Tag Archives: Maga

Living in the real world

Took my dog outside in the morning and saw the gold and pink sky ready itself for the sun to rise over the St Lawrence. A pair of crows were starting their day with what sounded like an argument. I woke up thinking about the US election – and feeling sick to my stomach. Some of it’s disgust that so many people would vote for such a hateful man. And some of it is fear of what the future brings in the wake of his return.

I worry about the boring things, like the regulation of food and drugs, statistics collection, tracking and controlling the spread of disease. It doesn’t take much for bad leadership to undermine those things. The US is a major part of the complex international systems that allow people to live safely and have some quality of life. What happens when they fail?

I feel a sickness and disappointment that Americans would vote in a leader whose whole campaign was about hate. Hate for women and children, hate for immigrants, hate for minorities. Hate for everyone except his chosen few: mostly white men.

Why have the Republicans allowed their party to be hijacked by a despot? There are what, 335 million Americans? Surely they could have found a better candidate.

I used to think that to do something that really makes a difference, I would have to be an activist. And maybe when I retire, I will be. But these days, it feels a little radical just to play music at a local session. Sessions create a kind of organic, living musical event in a public place that draws people out of themselves, whether they are playing an instrument or just listening while having a drink. I used to take such things for granted, but the pandemic showed me how easily they can disappear.  

I wonder if among the reasons so many American voters chose Trump is because they are under the thrall of his mesmerizing form of lying. His speeches are strings of lies – absurd things, like immigrants eating pets, or simple denial of facts, like saying it’s raining when it is not. Or his many, many lies about COVID when he touted fake cures and announced fictitious statistics about his success in defeating it. I find when I listen to him, I note the first lie and think of how I can verify it’s not true, and then there’s a second lie, then a third, and within a minute or two, I’ve forgotten what the first lie was.

I imagine for many people, such a barrage of falsehoods would cause them to doubt reality, especially if they live in regions without good local news, or solid, factual news in general, at all levels. The constant lying by this public figure that many worship, combined with false news from the far right and the lack of a concrete understanding of local and regional contexts has certainly led to a fog of unknowability. Apparently, this like of lying is part of a propaganda technique used in Russia to confuse people until they give up on trying to understand what’s actually true.

I am always looking for the truth. Understanding what is happening by knowing the facts is really important to me in everything I do, whether in my job or my personal life. It’s what guides me. I’m lucky to work with some former journalists who operate in a similar way. Always assessing and analyzing what’s happening, gathering details and being scrupulous about what’s written down or said.

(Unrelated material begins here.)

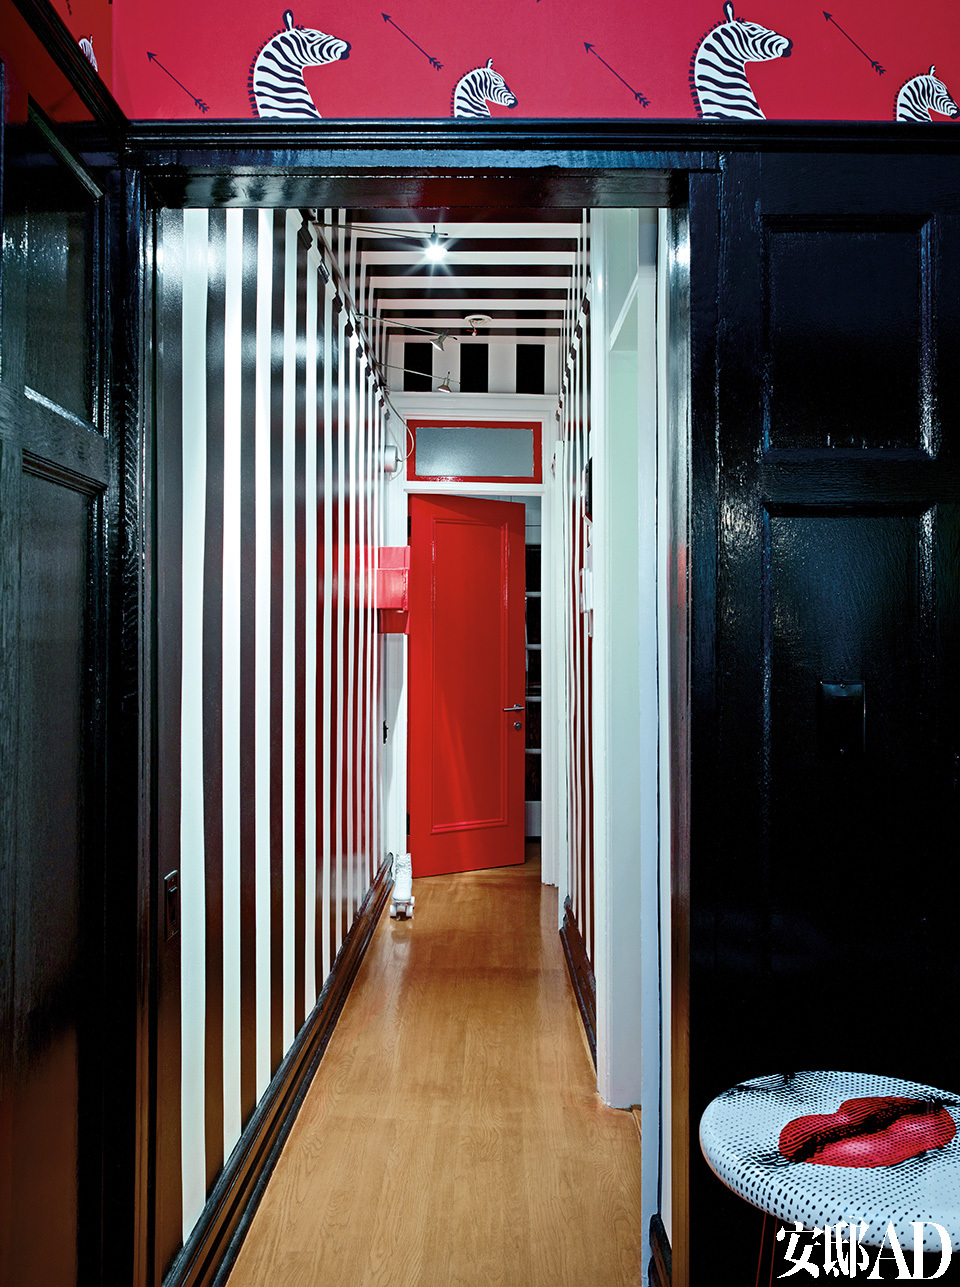 门厅中黑白条纹的特制墙面装饰受到了20世纪60年代童年回忆的影响（太空时代，Verner Panton和Pierre Cardin）。黑白条纹墙纸让原本狭窄的走廊呈现出视觉扩张的效果，白色部分是亚光，黑色部分特意选择高光，灯光下显示得更精致。
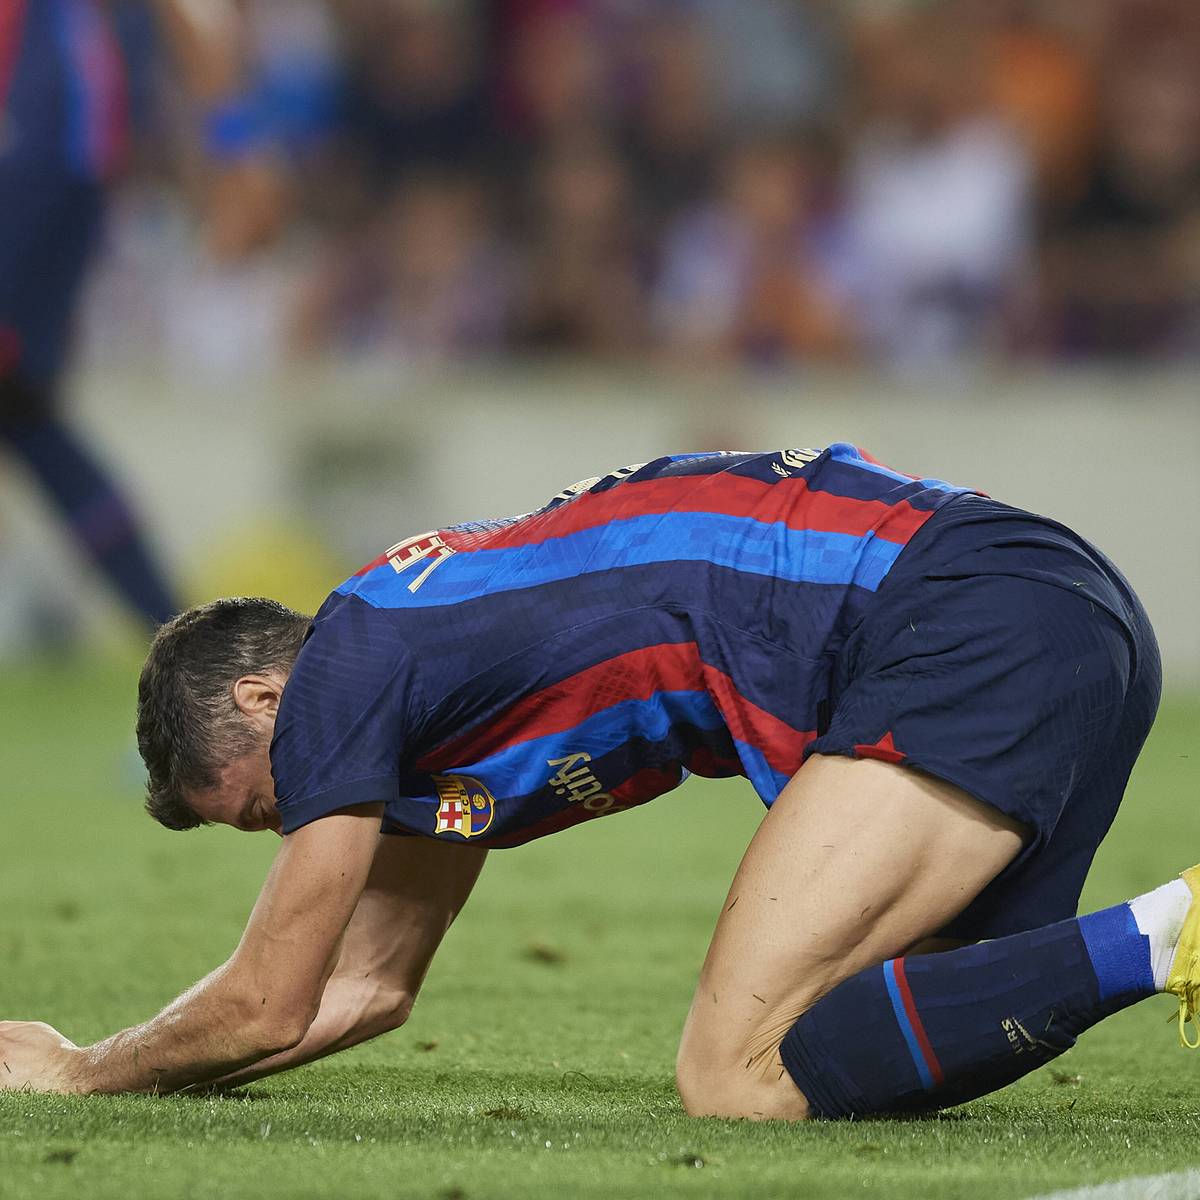 Der FC Barcelona hat bei der La Liga-Premiere von Robert Lewandowski enttäuscht. Gegen Rayo Vallecano reichte es nur zu einem torlosen Remis.

I think any experience we have with wholeness and joy emerge from how we engage with reality itself. We honour it by reflecting back its beautiful, living details.

In this vein, I think perhaps the most obvious weakness that comes from using lying as a means of unmooring people from what is actually happening around them is that lies are false. If the people who are spreading lies lose their bearing and make decisions based on their own lies, things will go badly off track, break down and eventually cease functioning.

Maybe this will lead Americans to resist dictatorship by liars. Our species has a strong drive to survive, and we won’t survive very long if our systems break down. Americans are used to getting what they want and have a long history of working hard to get it. It’s a sad thought, but maybe America’s workaholic, capitalist tendencies will be the thing that saves them.

I live in the (naïve) hope that our need for to cooperate in order to survive and flourish might also prove stronger than Trump’s lies. Will the Americans who are in his thrall wake up one day and realize they’ve handed given control of their country to a nasty, ugly old man who has nothing to offer but fear and hate?